__RECORD EXTRACTS__:

--------------------------------

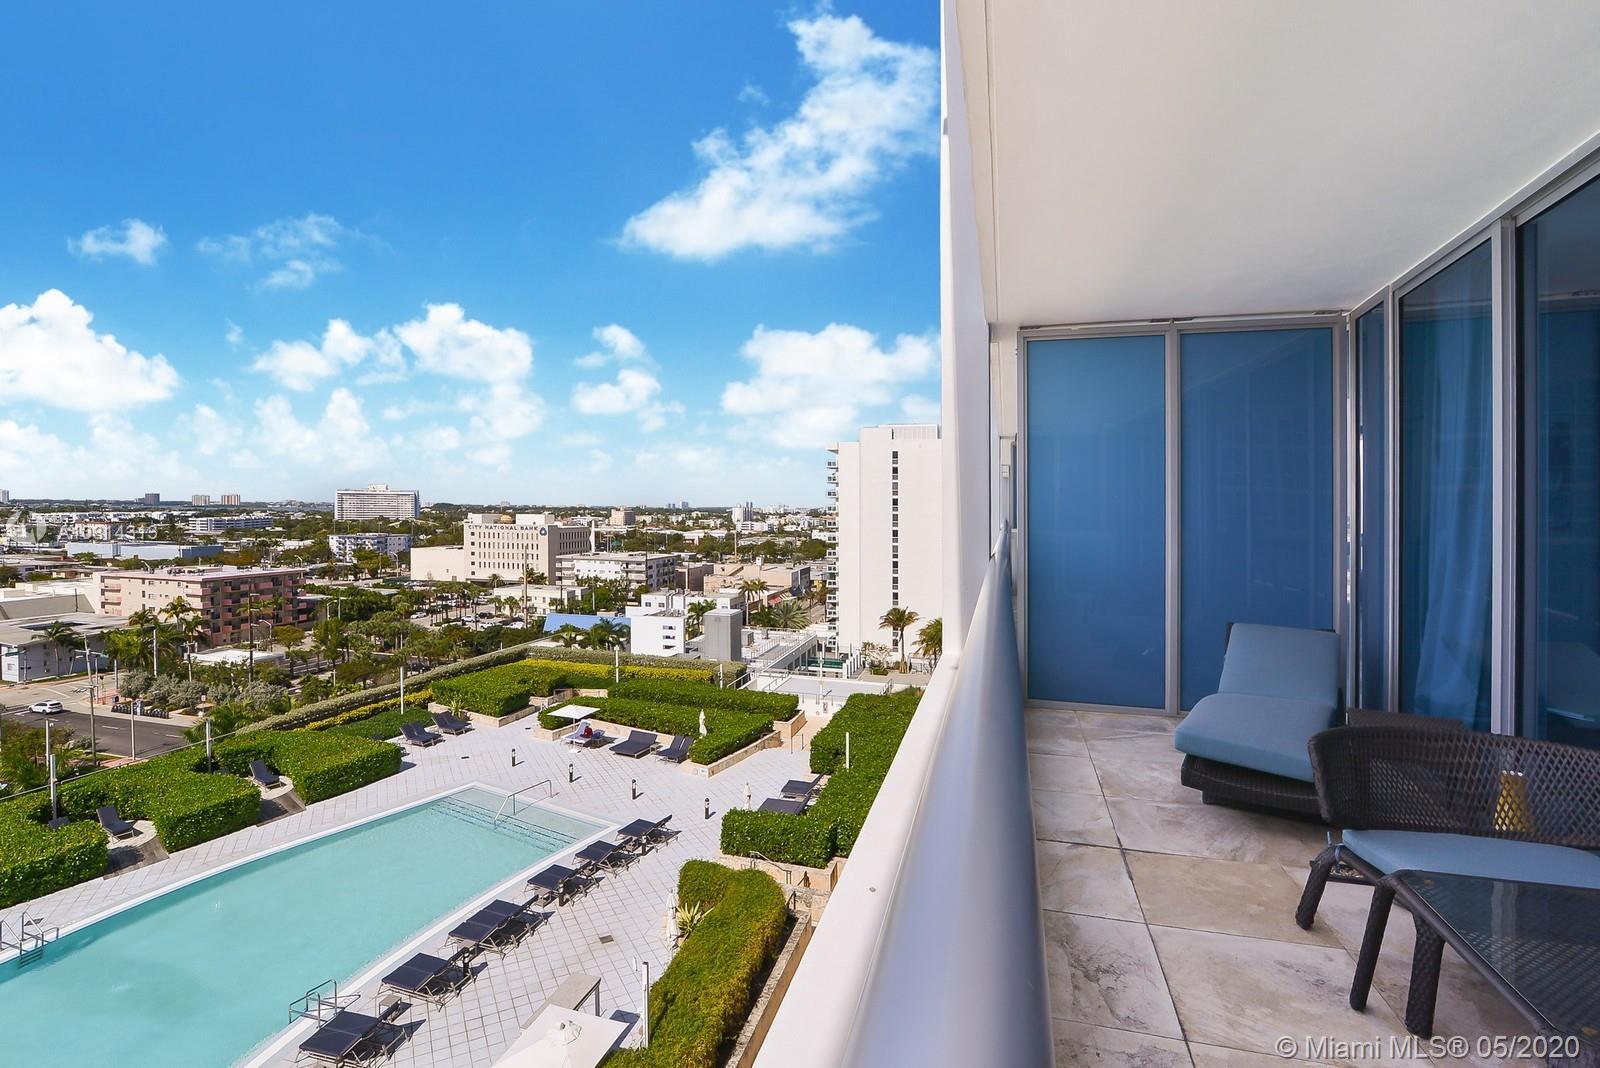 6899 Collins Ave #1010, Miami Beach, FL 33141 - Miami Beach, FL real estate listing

--------------------------------

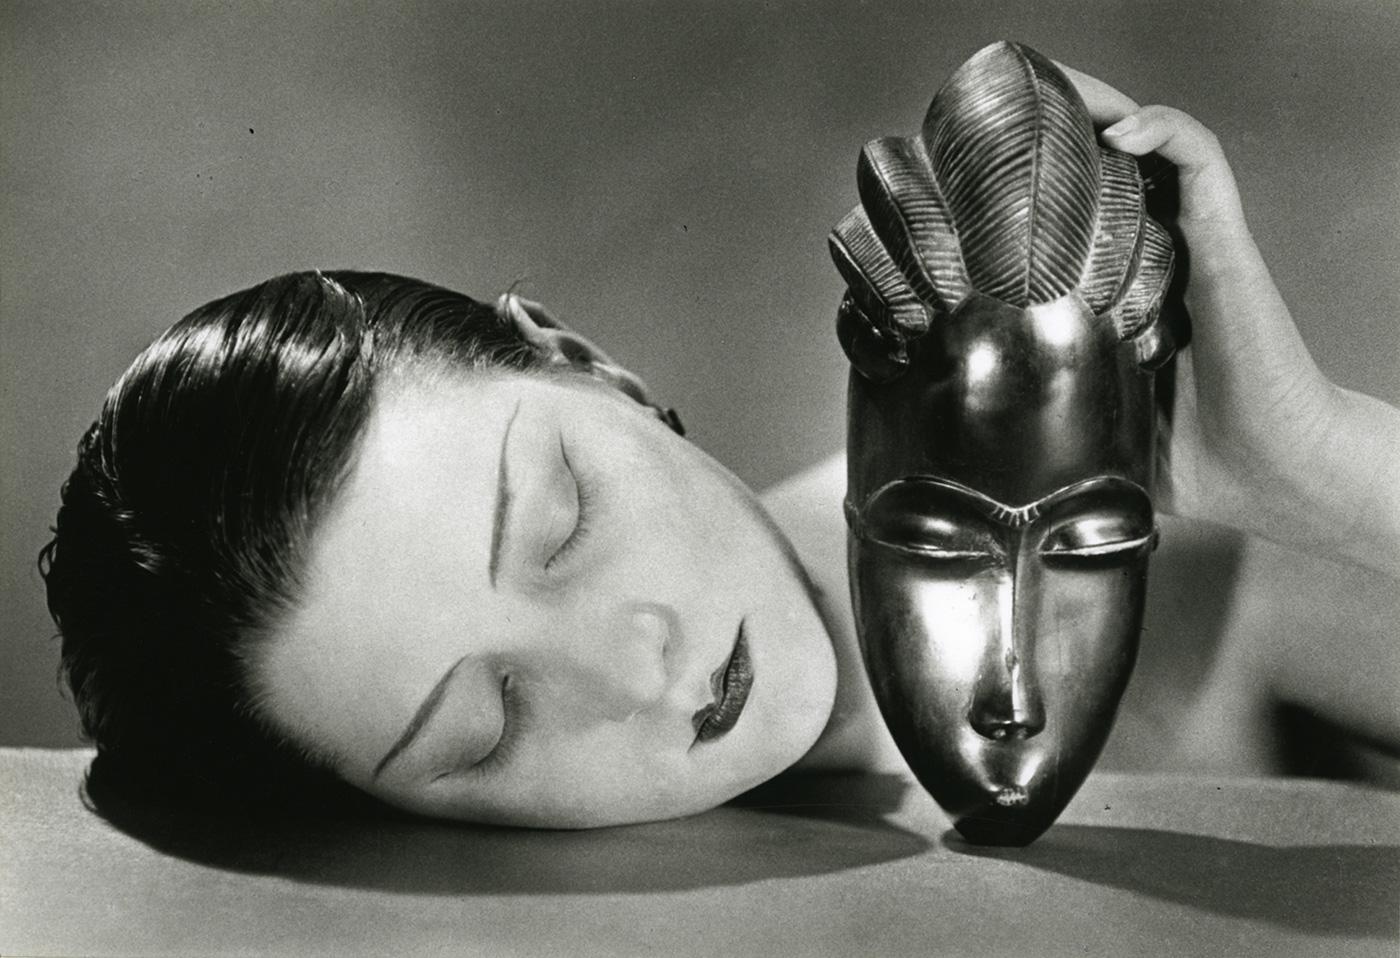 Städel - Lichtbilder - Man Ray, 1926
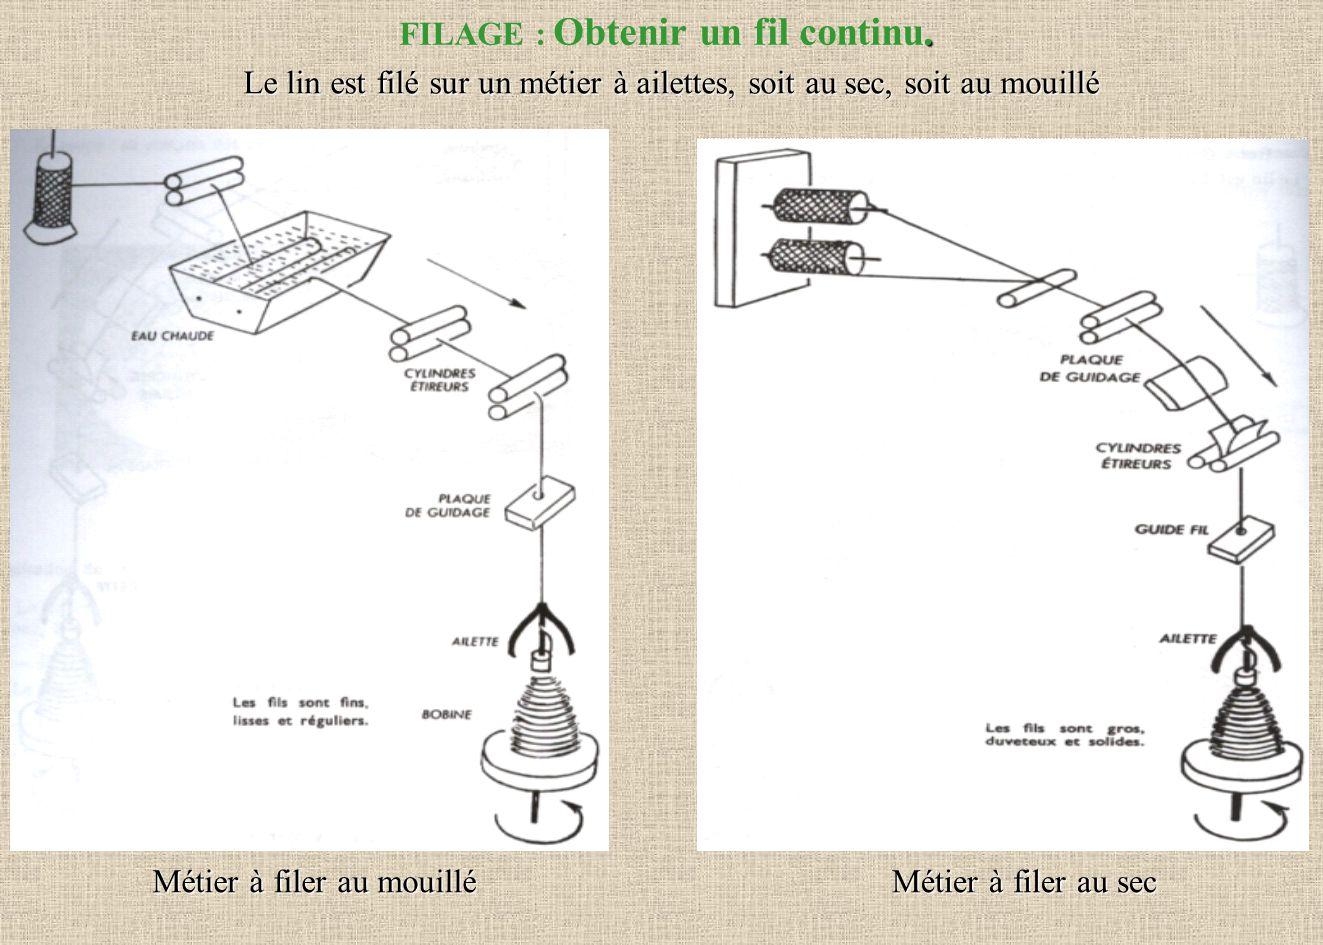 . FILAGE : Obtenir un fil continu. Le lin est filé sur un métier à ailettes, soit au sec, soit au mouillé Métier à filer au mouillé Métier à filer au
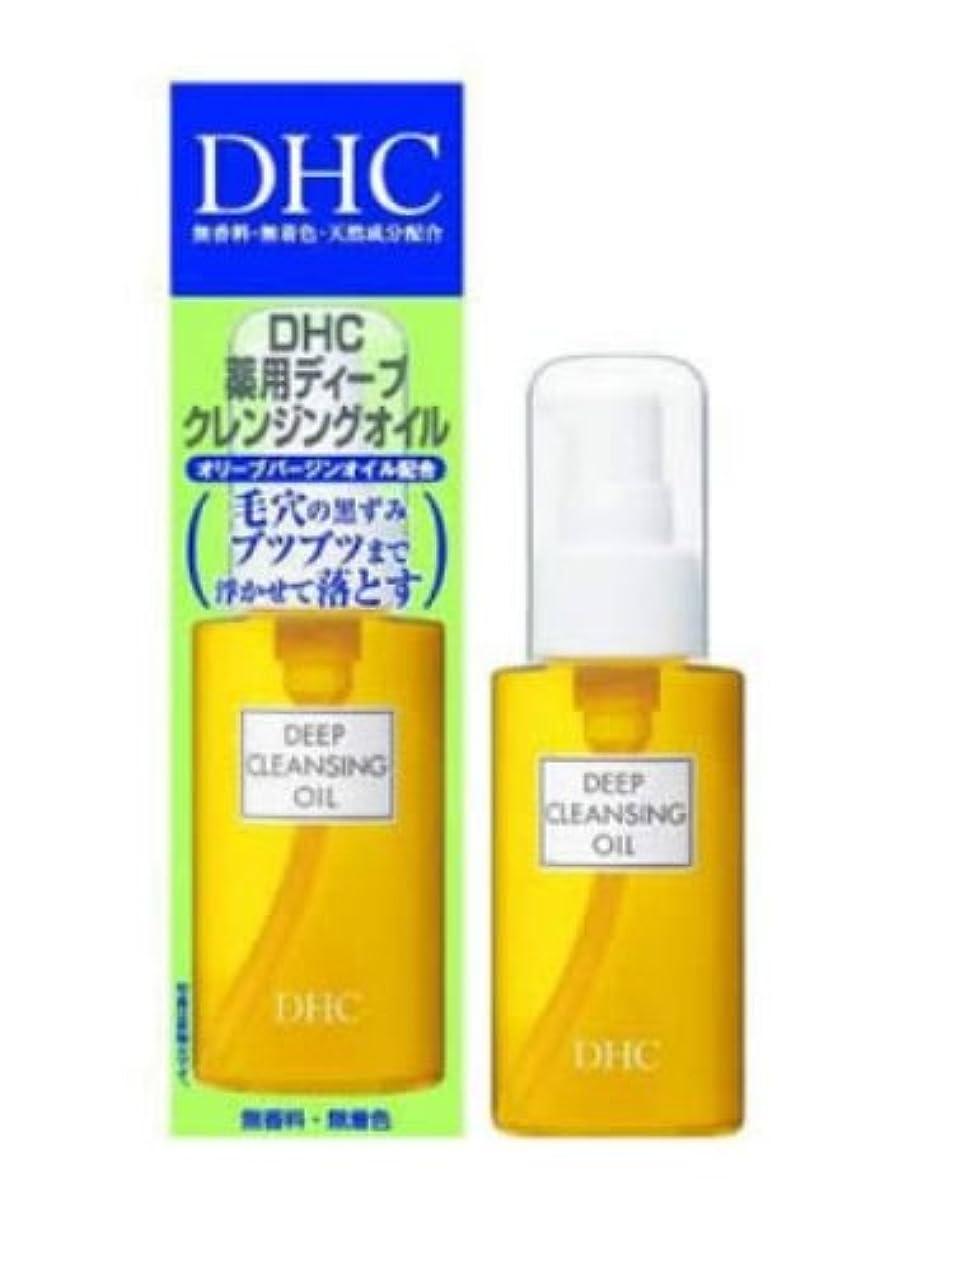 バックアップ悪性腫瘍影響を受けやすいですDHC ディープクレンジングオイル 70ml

--------------------------------

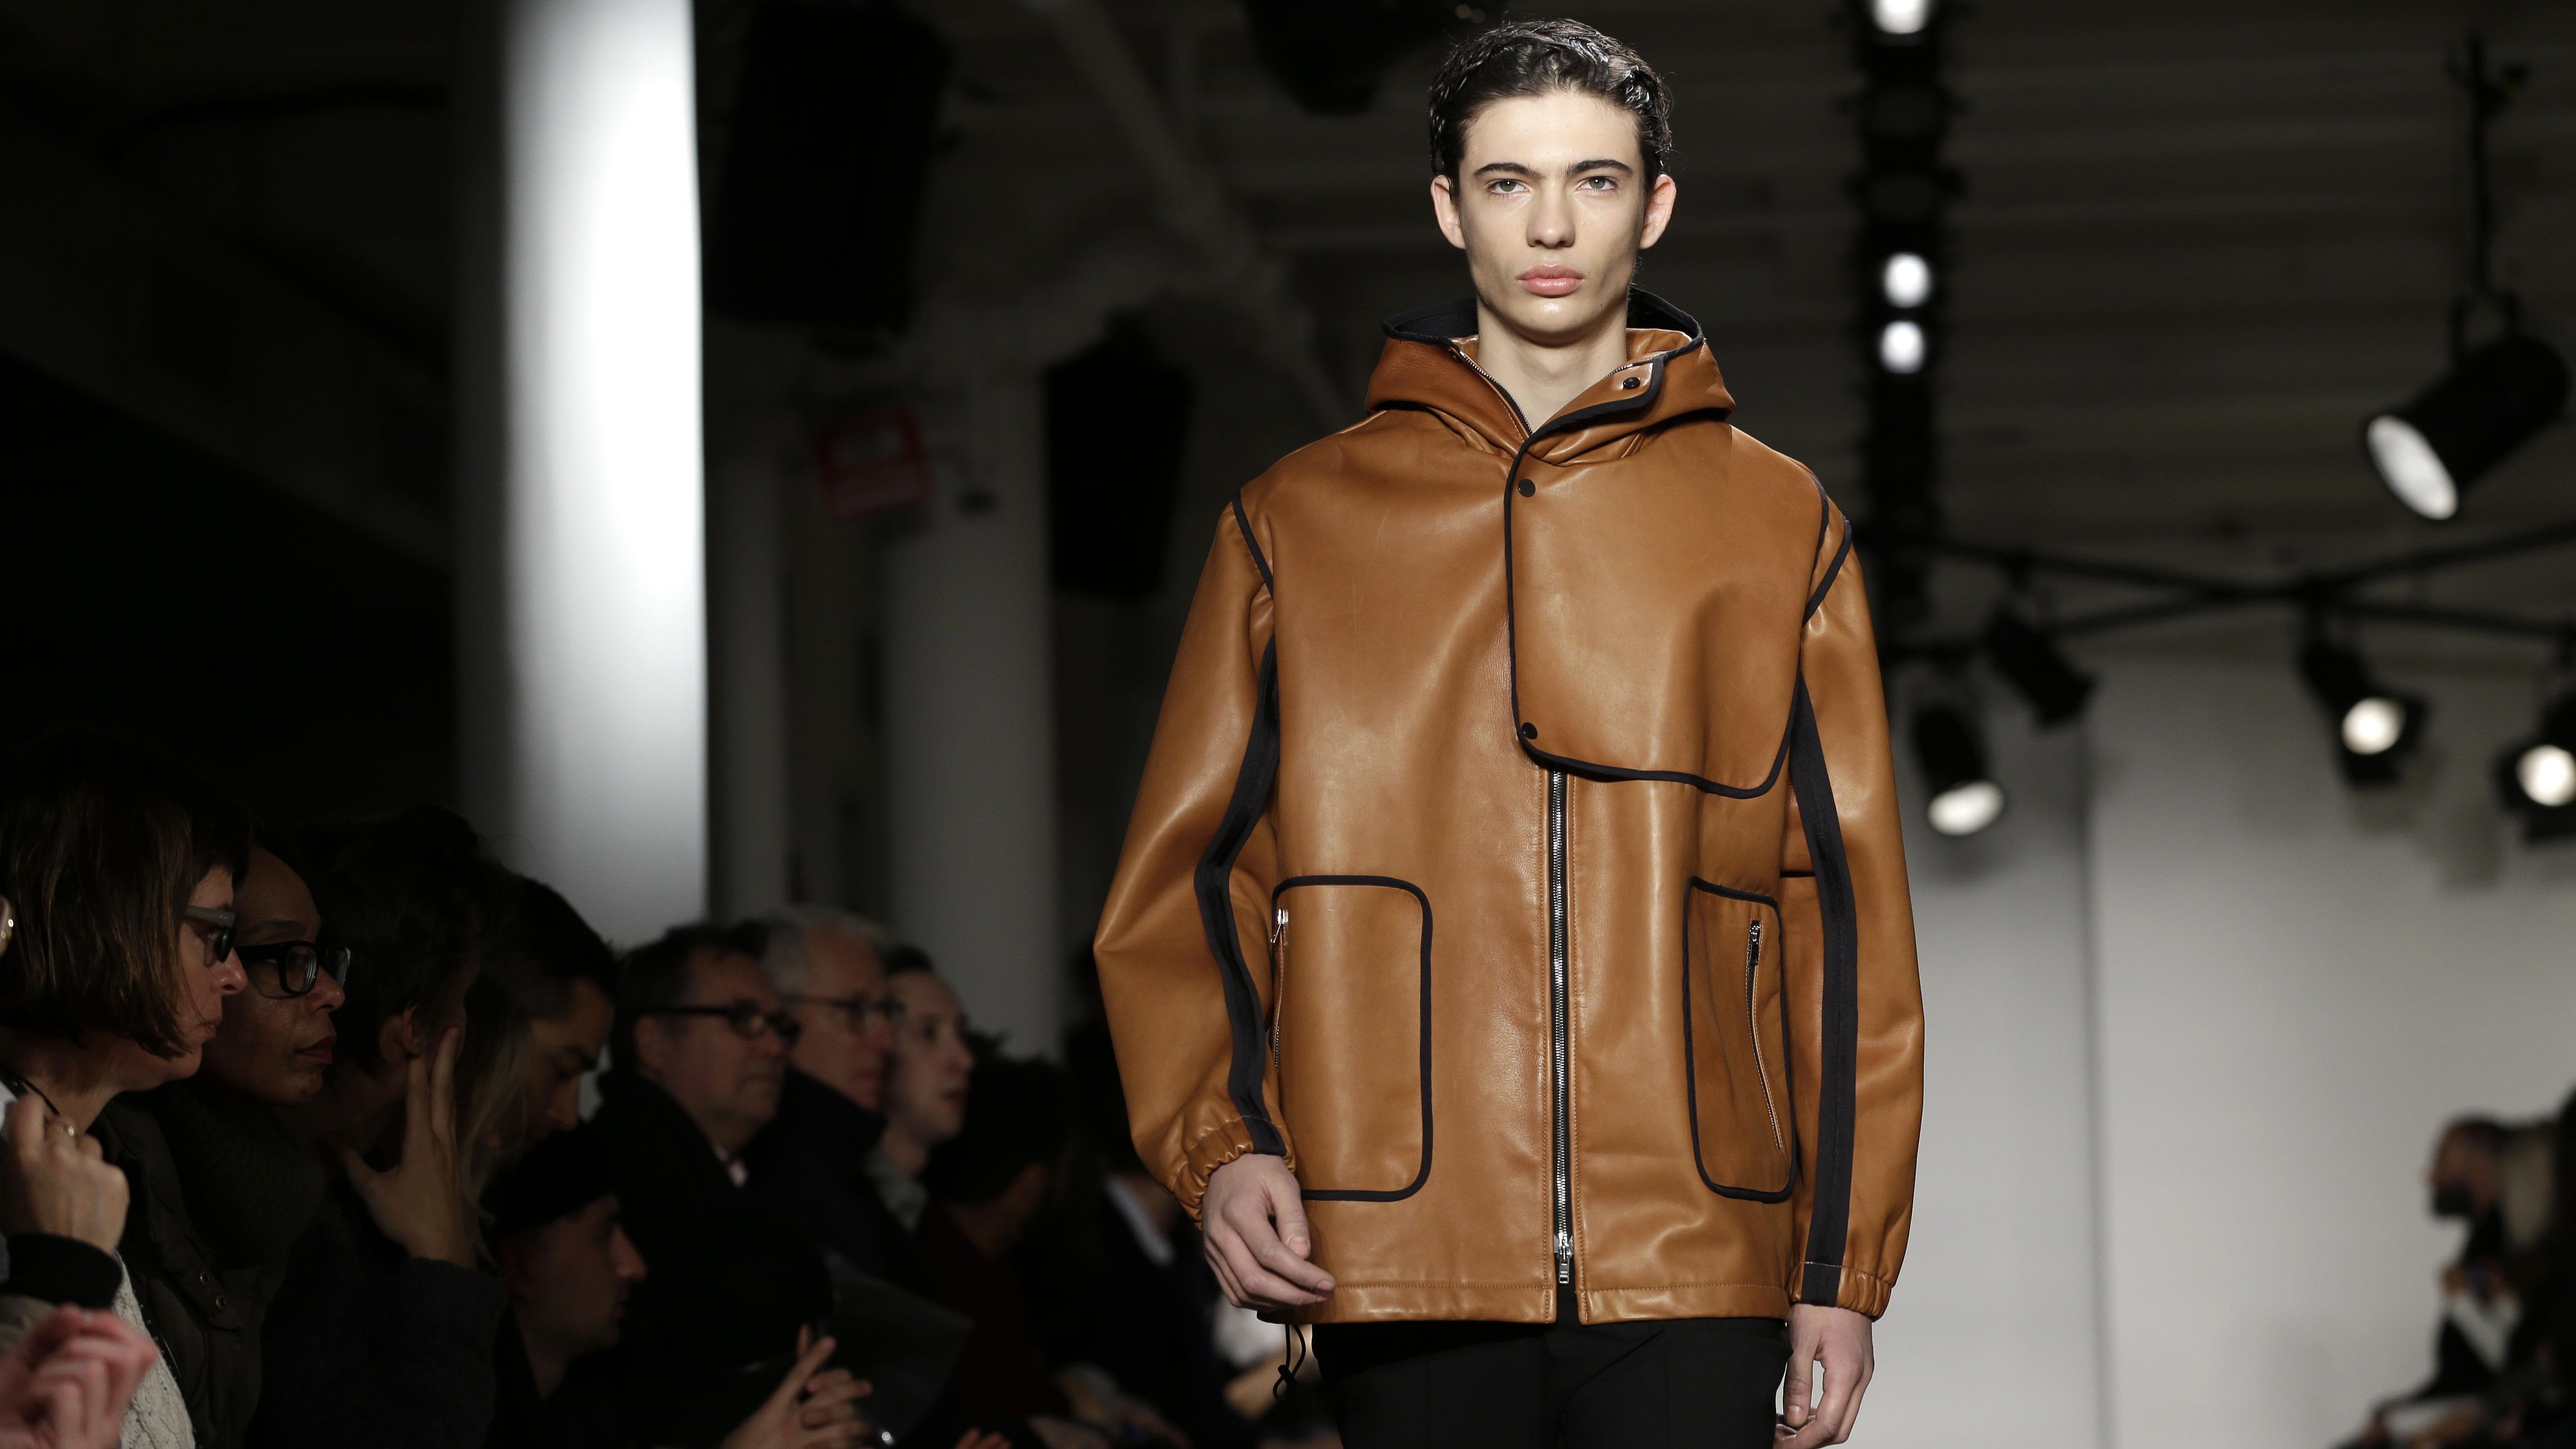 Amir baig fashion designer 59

--------------------------------

Copy back exactly the lines above from the one containing "au mouillé Métier à filer au" through the one containing "バックアップ悪性腫瘍影響を受けやすいですDHC ディープクレンジングオイル 70ml", and leave every picture behind.

__EXERCISE OUTPUT__:
 . FILAGE : Obtenir un fil continu. Le lin est filé sur un métier à ailettes, soit au sec, soit au mouillé Métier à filer au mouillé Métier à filer au
 バックアップ悪性腫瘍影響を受けやすいですDHC ディープクレンジングオイル 70ml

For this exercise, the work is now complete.